Tuesday, July 19th, 2011

Last week I wrote about my irrational anger at everyday noises. Anything that stands in the way of Fia’s nap sets me off. So I came up with a solution. She now naps  in our downstairs bathroom–in her stroller. It’s the only dark windowless room in our house. I turn on the ventilation fan, strap her in, and boom, she’s out within seconds. I can get anywhere from 1-3 hours.

I bank on this time. It’s how I get stuff done.

So it came with extreme irritation and fury when just 30 minutes into her nap Phil came downstairs and yanked open the bathroom door. I was on the phone and mouthed the biggest WTF???? my lips would do, throwing my arm in the air with exasperation. He of all people knows better. He mouthed something angrily back. I hung up my call to the sound of a cry.

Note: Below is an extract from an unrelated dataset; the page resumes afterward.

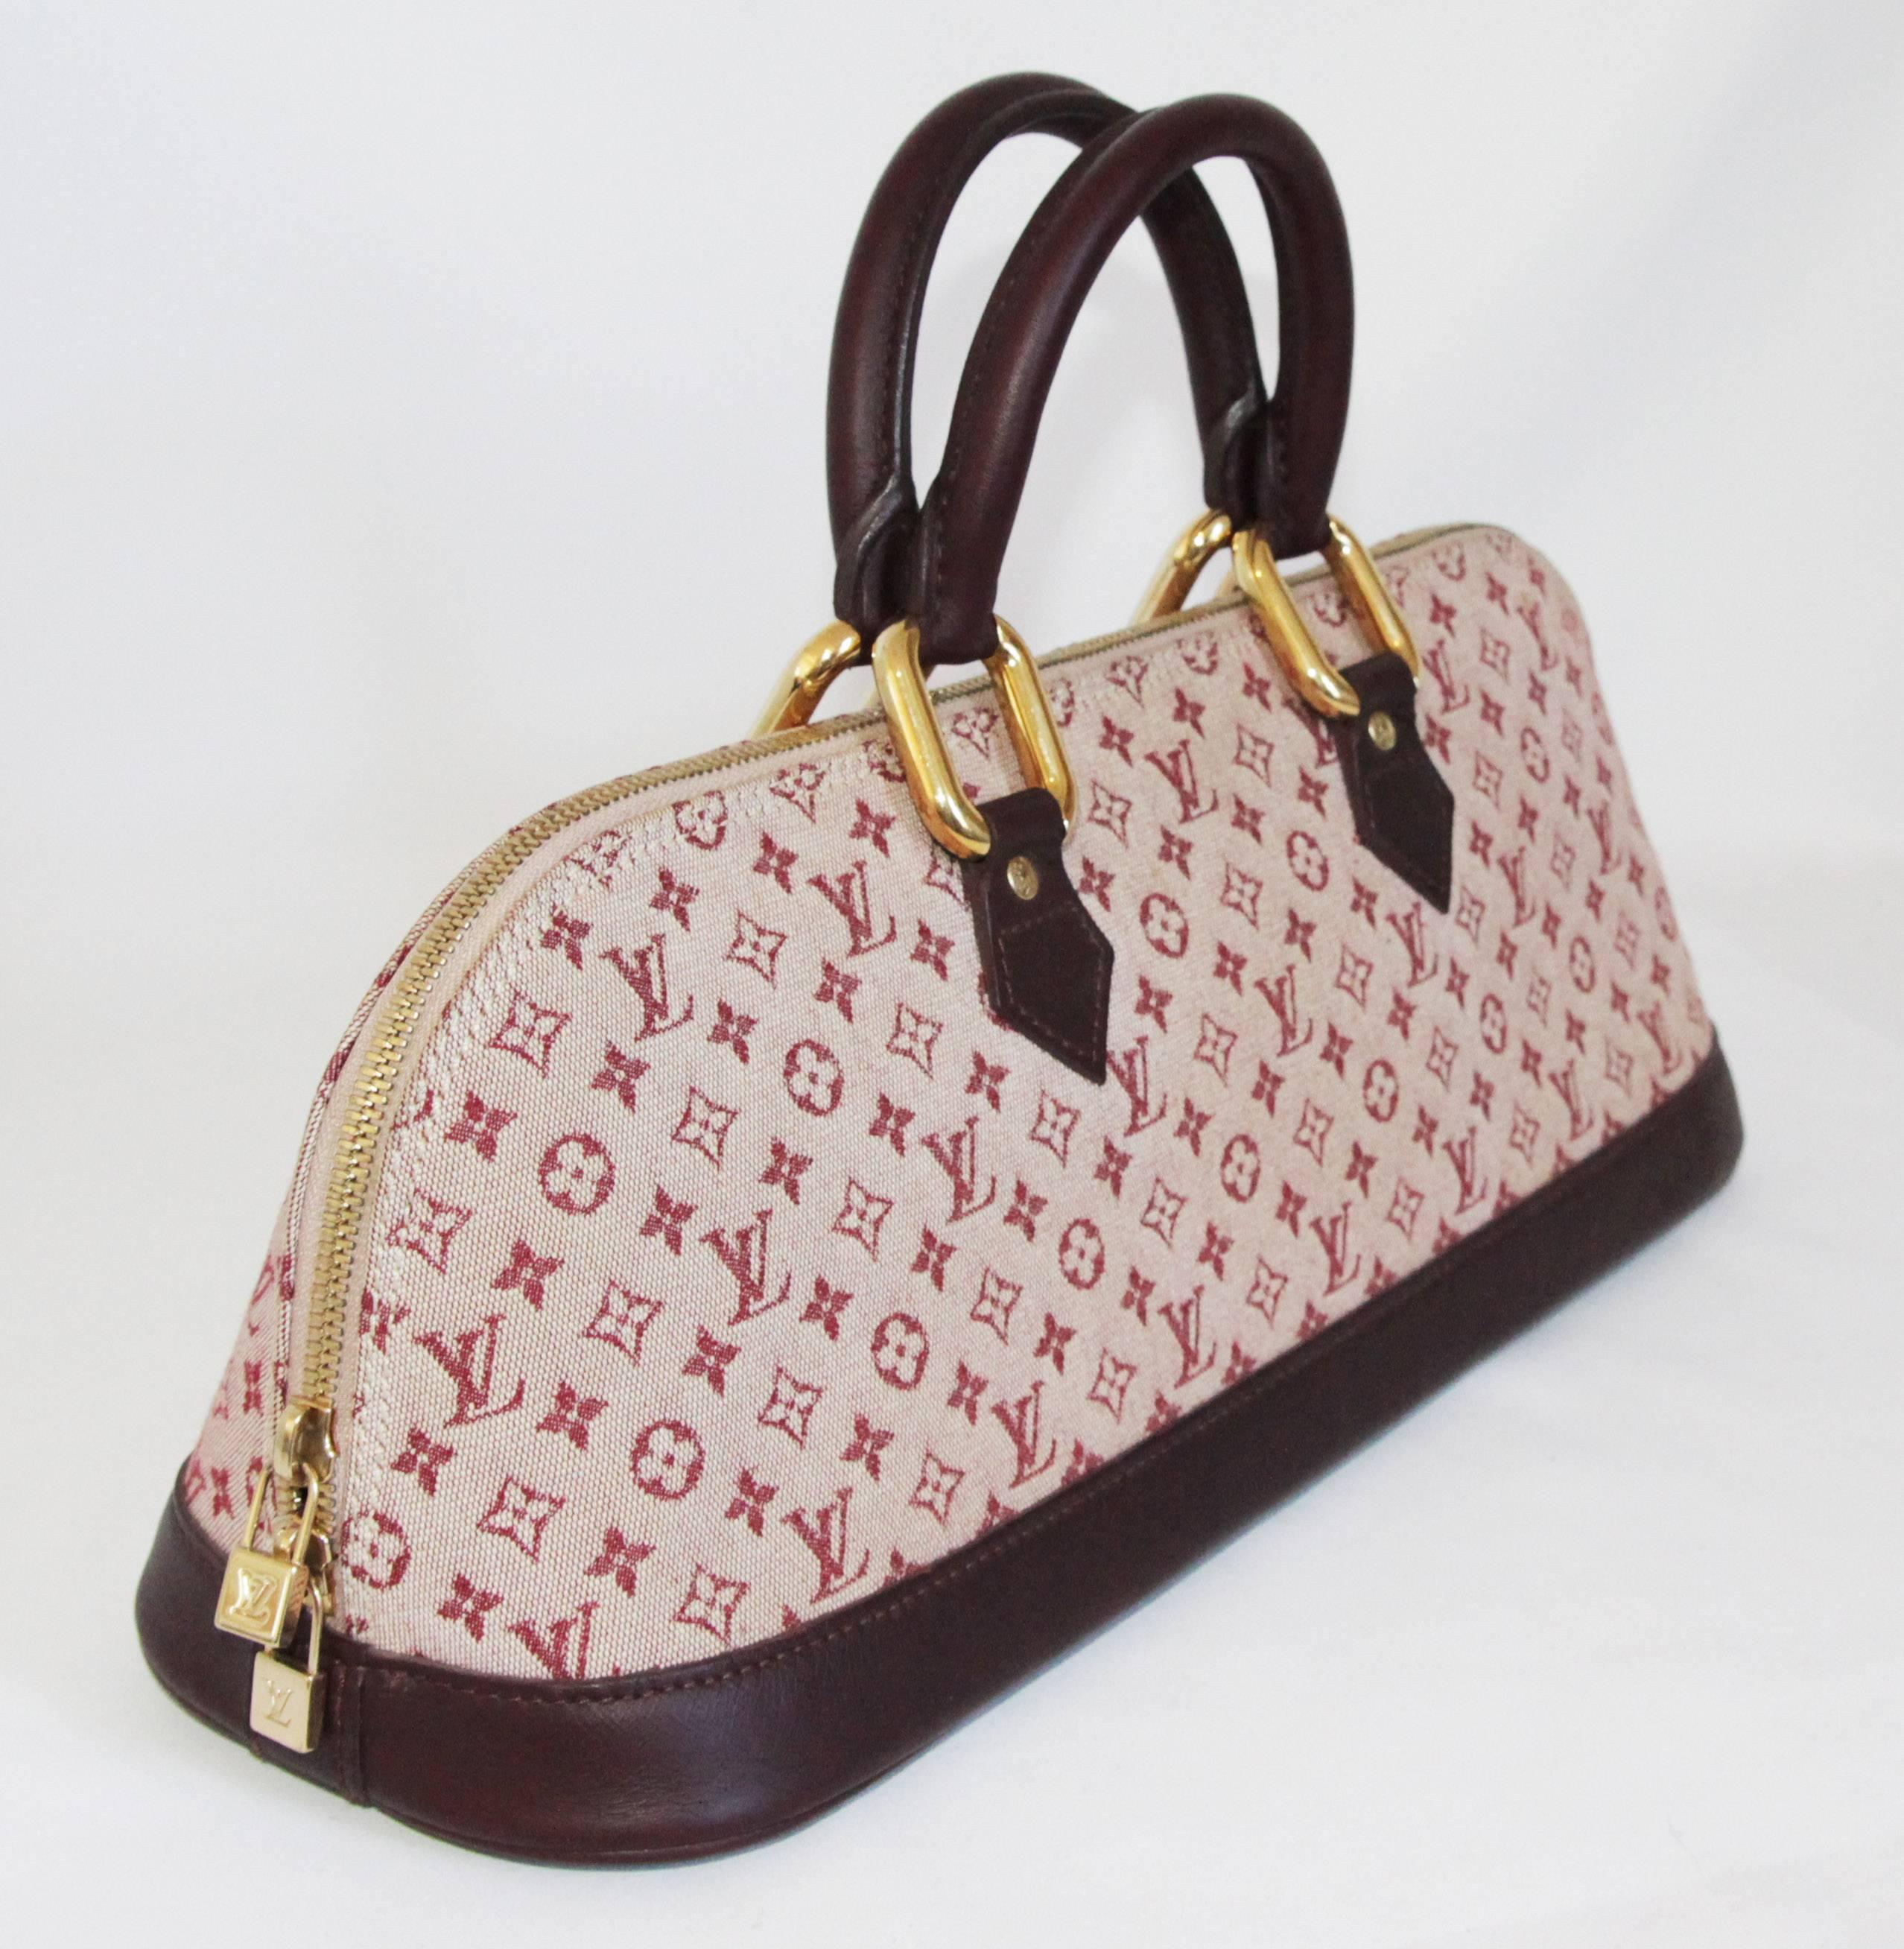 Gorgeous Louis Vuitton mini Alma long special edition handbag. Made of monogram fabric and burgundy leather. 

Created in 1992, the Original Alma model has been, for more than 20 years, one of Louis Vuitton’s most emblematic bags, on first-name

?!$#?&%! YOU WOKE HER UP! I shouted, ready to spit I was so pissed.

“IT SMELLS LIKE NATURAL GAS IN THE UPSTAIRS BATHROOM!!!” (which is right above the one she naps in) he yelled back, as he gently picked her out of the stroller with a hug. “I WAS MAKING SURE IT WASN’T DOWN HERE!!”  We sounded like the Costanza’s.

Seething, I stormed past them both, went upstairs, and boom the smell hit me like a dozen rotten eggs. It was one of those moments where I knew he was right. And should be touched by his protective nature. For god’s sakes…you don’t mess with gas. It can kill.

Yet, somewhere inside, a voice was still saying, “But did you have to open the bathroom door so loudly??”

I sulked downstairs, knowing my to-do list would stay to-do. I couldn’t bring myself to apologize. I was still fuming. “I’ll call the management company,” I said tersely.

They told us to put a fan in the upstairs bathroom and call them back in 45 minutes if the smell persisted. (Great advice by the way. Seriously?)